Which of the row(s) from dfr should be considered

validateFunction

After the standard sampling of predict.GLoMo, the rows and otherData are fed to this function that should return the row indices of the accepted rows. The default is validateFunction.default, which randomly accepts about half of the sampled rows.

guiddata

see getGuidData. If not provided, it is calculated.

otherData

Passed on to validateFunction. Typically contains an item per row in dfr

initialSuccessRateGuess

Used to sample too many rows with predict.GLoMo, based on how many the user expects to fail.

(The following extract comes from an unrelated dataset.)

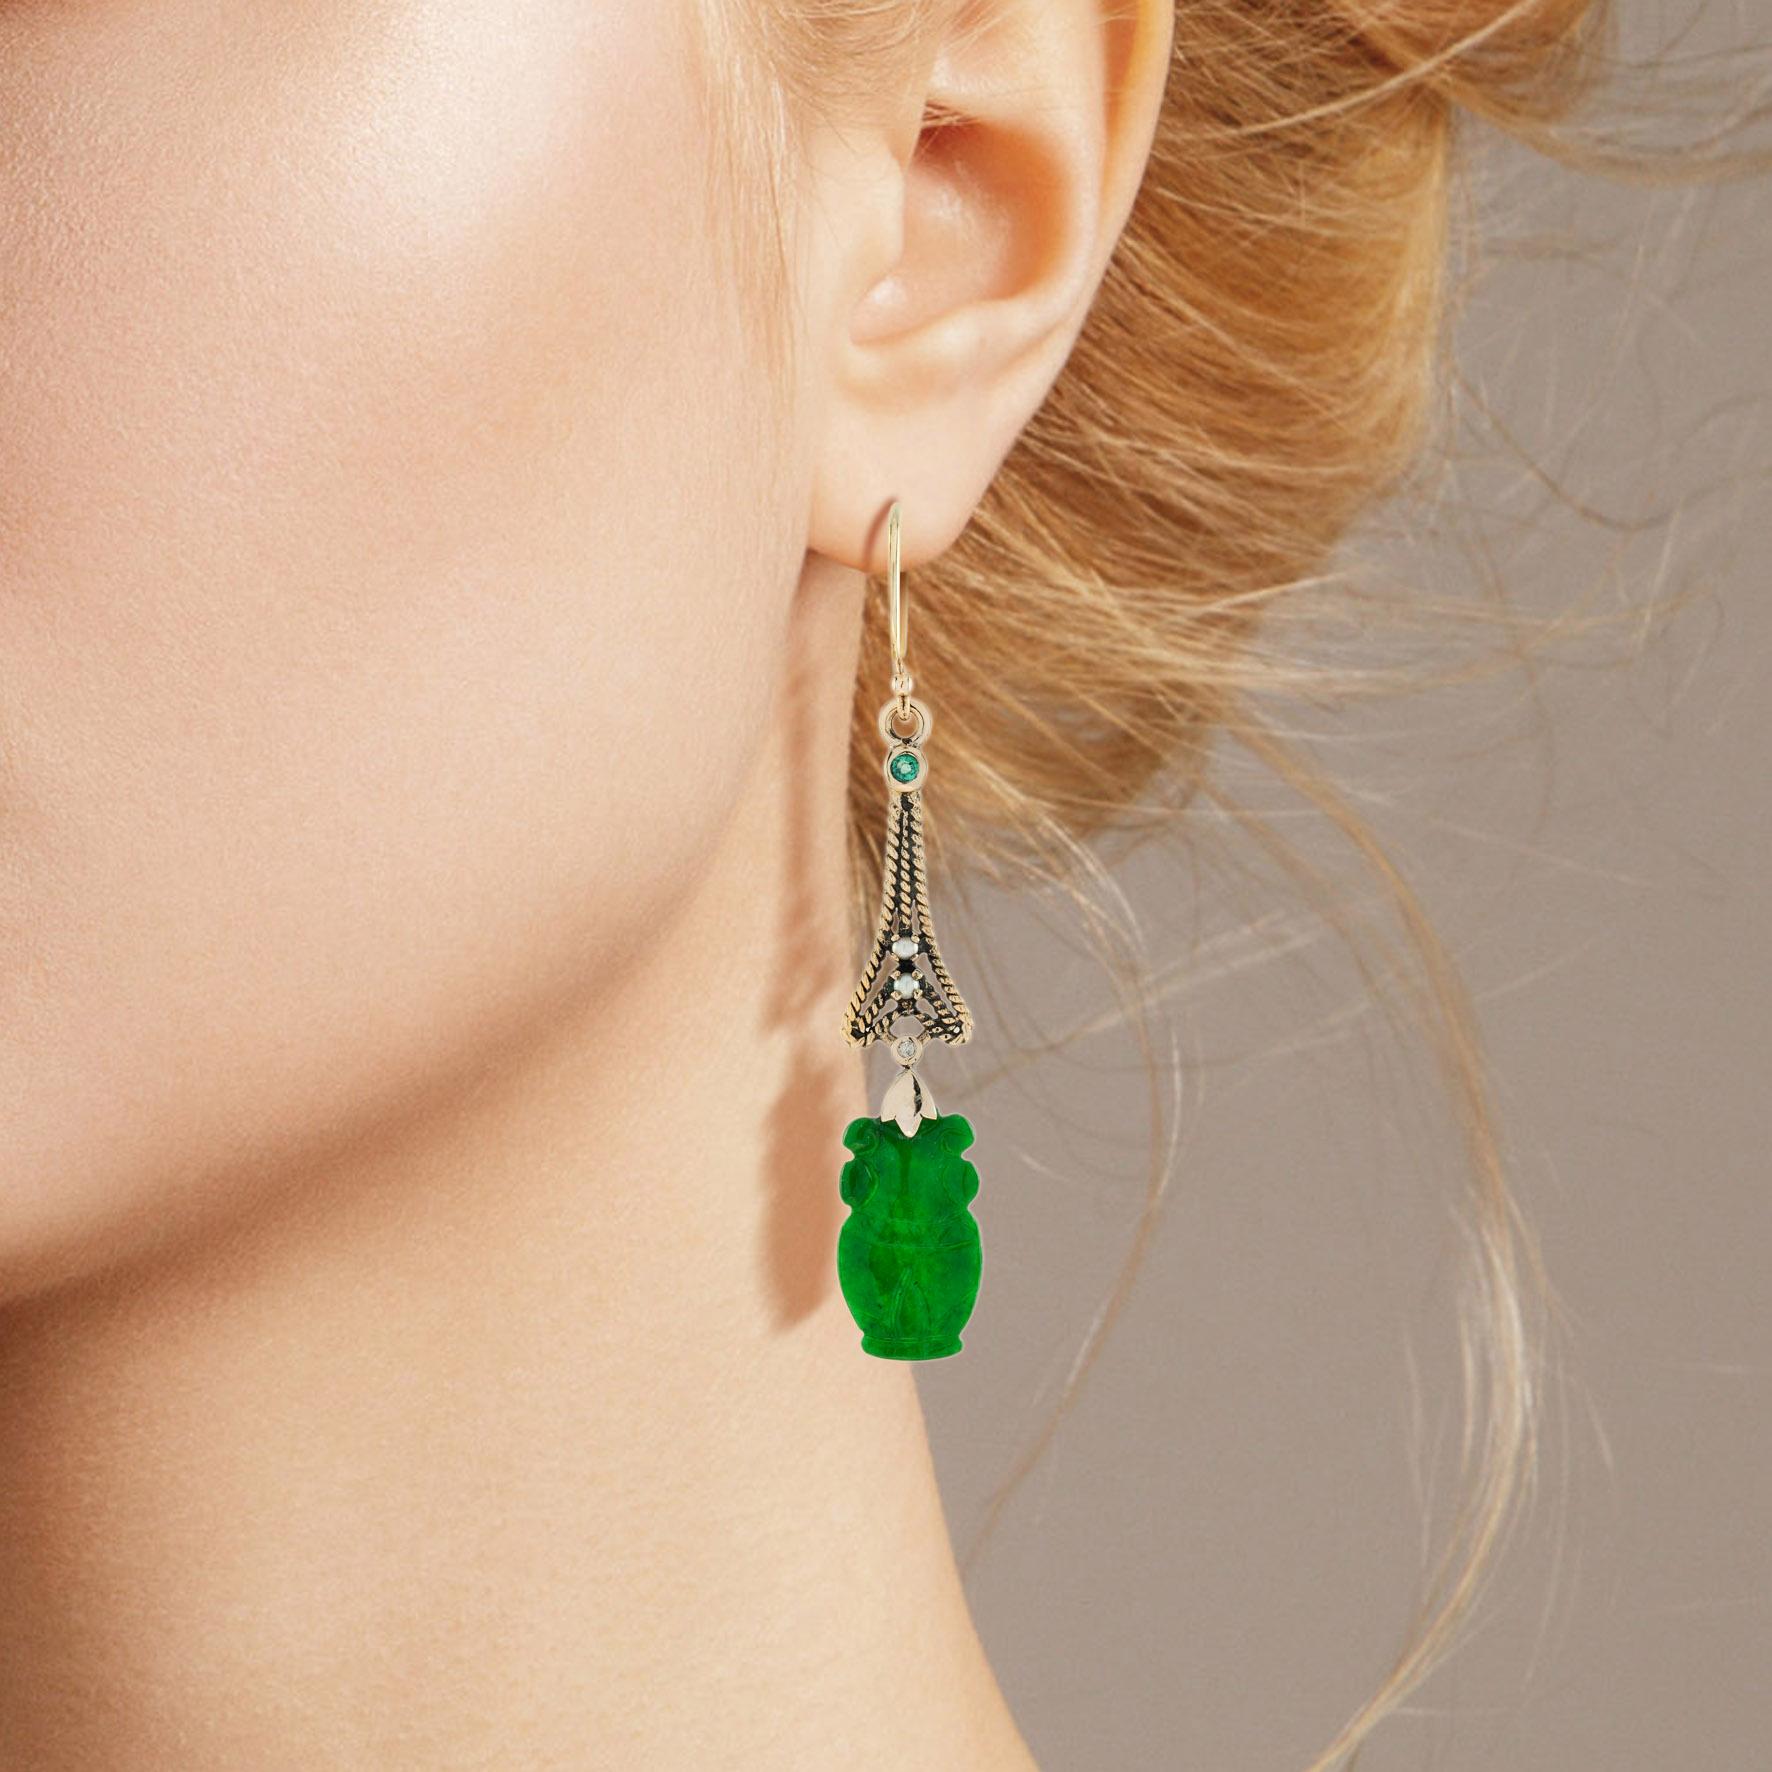 Le jade naturel de ces jolies boucles d'oreilles a une forme très particulière. Les deux pièces ont une couleur verte intense et sont bien sculptées en forme de vase. Le jade est suspendu dans une monture en or jaune 9k avec un lien géométrique en

Default is 0.5.

verbosity

The higher this value, the more levels of progress and debug information is displayed (note: in R for Windows, turn off buffered output)

minimumSuccessRate

To prevent conditional prediction to run 'forever' because all observations are simply unlikely, you can pass along a minimum success rate (between 0 and 1): if the attained success rate goes below this, one more attempt is done, and, if need be, predictions are accepted randomly to get enough of them.

...

Ignored for now

attempts

data.frame or numdfr with unconditionally sampled data.

Details

This function is mostly provided with the MCMC of EMLasso in mind (i.e. reject based on a glmnet fit and matching true outcomes for each row in dfr.

Typically, other validateFunctions will have to be created for this to make sense. It is then up to the creator/user to make sure otherData is consistent with what this specific validateFunction expects.

The signature of a validateFunction can be easily spied from validateFunction.default (and is not repeated here to avoid maintenance issues).

Specifically, validateFunction.acceptall accepts all rows, validateFunction.useprob expects a passed along probability per row in otherData and rejects with this probability, while validateFunction.default does the same, but always with probability 0.5.

Value

List with two items

predicted

data.frame or numdfr (dependent on the dfr that was used in the original call to GLoMo that holds the sampled data

glomorowsused

vector that holds 1 item per row in predicted, holding which rowindex in glomo was used (i.e. which cell was sampled)

Note

The non-allrows version works only for 1 row at a time.

Author(s)

Nick Sabbe (nick.sabbe@ugent.be)

See Also

GLoMo-package, NumDfr, predict

Examples

1
2
3
4
5
6
7
iris.md<-randomNA(iris, 0.1)
iris.md.nd<-numdfr(iris.md)
iris.nd.rnd<-rCatsAndCntInDfr(iris.md.nd, orgriName=NULL, verbosity=1)
iris.weights<-iris.nd.rnd$weights
iris.nd.rnd<-iris.nd.rnd[,1:5]
iris.glomo<-GLoMo(iris.nd.rnd, weights=iris.weights, verbosity=1)
iris.pred.cond<-predict.conditional.allrows.GLoMo(iris.glomo, nobs=5, dfr=iris.md.nd, verbosity=10)